The results of this 52‐week, open‐label, randomized trial of once‐daily oral atogepant 60 mg were consistent with those previously reported in the randomized, placebo‐controlled, 12‐week phase 2b/3 trial and phase 3 (ADVANCE) trial, indicating atogepant is safe, well tolerated, and efficacious for the preventive treatment of migraine. 17 , 18

The current trial randomized 744 participants with a mean of 291.6 days of exposure to atogepant. Withdrawal by participant was the most common reason for discontinuation in both treatment arms. In a long‐term trial, withdrawal by participant can sometimes be attributed to lifestyle changes, such as moving, job changes, scheduling issues, etc. Lifestyle changes may have been more common in this trial due to the COVID‐19 pandemic. In contrast, discontinuations due to lack of efficacy or AEs in atogepant‐treated participants were rare.

The proportion of TEAEs reported in the atogepant arm was generally similar to those observed in the prior 12‐week trials. 17 , 18 Only 18% of TEAEs were considered related to treatment, which is lower than observed in the SC arm (36.2%) and on the lower end of the range reported in previous atogepant trials (15%–26%). 17 , 18 Common TEAEs considered related to treatment were constipation, nausea, and fatigue. Most treatment‐related TEAEs were mild to moderate in severity. The SC arm was used to contextualize long‐term safety of atogepant by providing comparative data in a migraine population treated with commonly used migraine preventive medications in a manner consistent with clinical practice. Due to the flexibility to change or discontinue preventive medications as needed, a direct comparison of specific TEAEs between the two treatment arms is not appropriate. No clinically meaningful changes from baseline in laboratory parameters in atogepant‐treated participants occurred throughout the study, providing additional evidence of the tolerability of atogepant. Laboratory analyte changes did not result in trial discontinuation or serious AEs in any participant. Overall, the safety results for atogepant‐treated participants in this year‐long trial were comparable to those observed in the two double‐blind, 12‐week, placebo‐controlled trials with similar rates of common TEAEs, such as nausea, upper respiratory tract infection, and constipation. 17 , 18

Changes in hepatic values were minimal and comparable between the atogepant and SC treatment arms. Of the 13 (2.4%) atogepant‐treated participants with elevations of ALT or AST ≥3, only 2 (0.4%) were determined to be “possibly” related to atogepant. The blinded clinical adjudication committee of independent liver experts evaluated the cases and found no hepatic safety issues were related to atogepant. Importantly, no cases of potential Hy's law occurred in any participants.

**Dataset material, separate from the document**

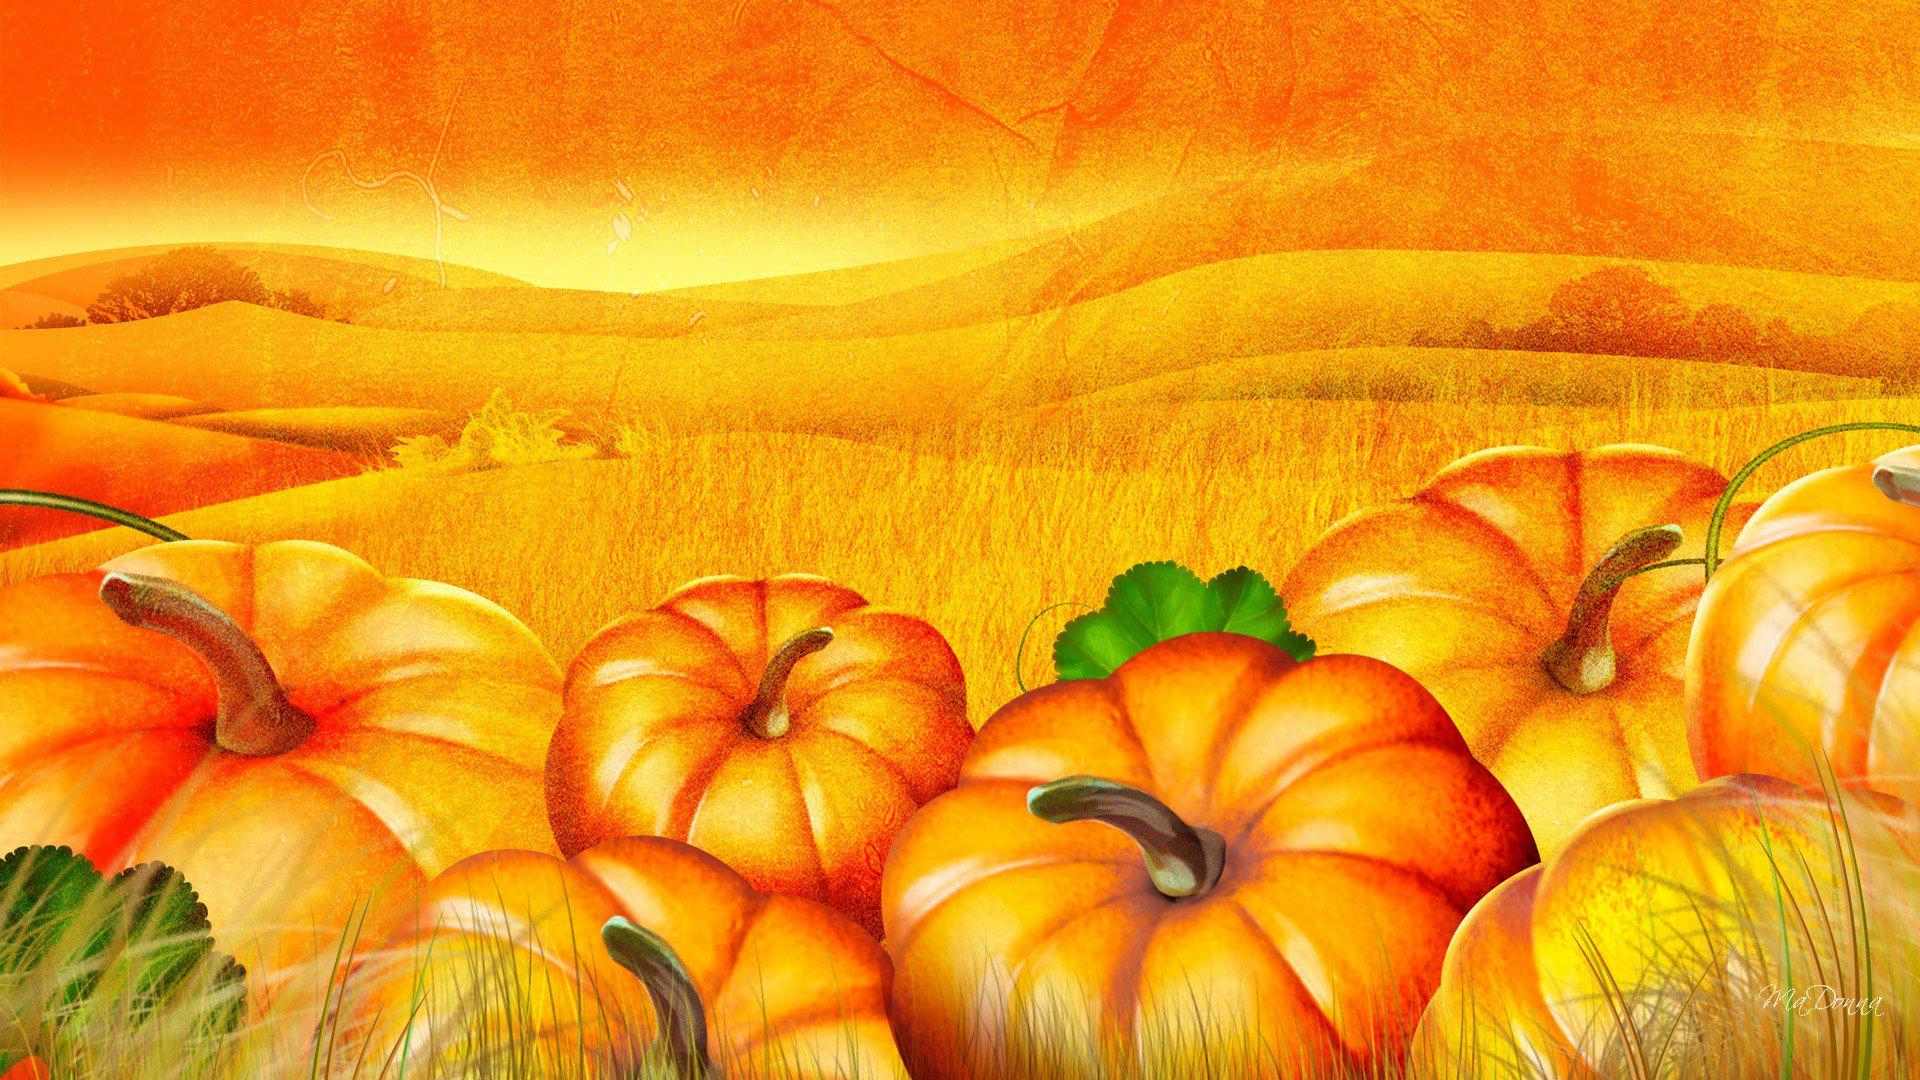 1920x1080 HD Pumpkin Patch Halloween Autumn Desktop Photo Wallpaper | Download Free 145438

The efficacy of atogepant for the preventive treatment of migraine has been demonstrated in two double‐blind, placebo‐controlled trials (a 12‐week phase 2b/3 and a 12‐week phase 3). 17 , 18 All atogepant doses reduced MMDs and acute medication use days across the 12‐week treatment period compared to placebo. Additionally, 52%–62% of all atogepant dose groups in both trials achieved a 50% or greater reduction in MMDs (3‐month average) and monthly acute medication use was decreased by approximately 4 days at the end of each 12‐week trial. The efficacy results over 52 weeks reported here are consistent with these placebo‐controlled trials. Reductions in mean MMDs and acute medication use days were observed during the first 4 weeks (weeks 1–4) and sustained over the year‐long trial. Similarly, clinically relevant responder rates were observed early and increased throughout the trial. The proportions of participants achieving a ≥50%, ≥75%, and 100% reduction in MMDs from baseline to the end of the trial were approximately 84%, 70%, and 48%, respectively. Discontinuations due to lack of efficacy occurred in less than 1% of participants in the atogepant arm, indicating that the considerable response rates at the end of the trial were not simply due to selecting for responders as the trial progressed.

Monoclonal antibodies that target the CGRP pathway are another recent innovation for migraine preventive treatment. Open‐label trials of the CGRP‐targeted mAbs erenumab, galcanezumab, and fremanezumab each reported 60%–74% of participants experiencing a ≥50% reduction in MMDs from baseline to week 52. 23 , 24 , 25 Although findings may be limited by the study's attrition rate, here we reported that 84% of participants treated with atogepant 60 mg once daily demonstrated a ≥50% reduction in MMDs from baseline to week 52. Trials of erenumab and galcanezumab reported approximately 20% of participants experienced a 100% response compared to 48% of participants treated with atogepant after 1 year of treatment (100% response results not published for fremanezumab trial). 23 , 24 Eptinezumab long‐term open‐label results have yet to be reported. Direct comparison is limited because of differences in trial design, but generally, atogepant‐treated participants had higher rates of 50%, 75%, and 100% responses compared to participants in the trials of CGRP‐targeted mAbs.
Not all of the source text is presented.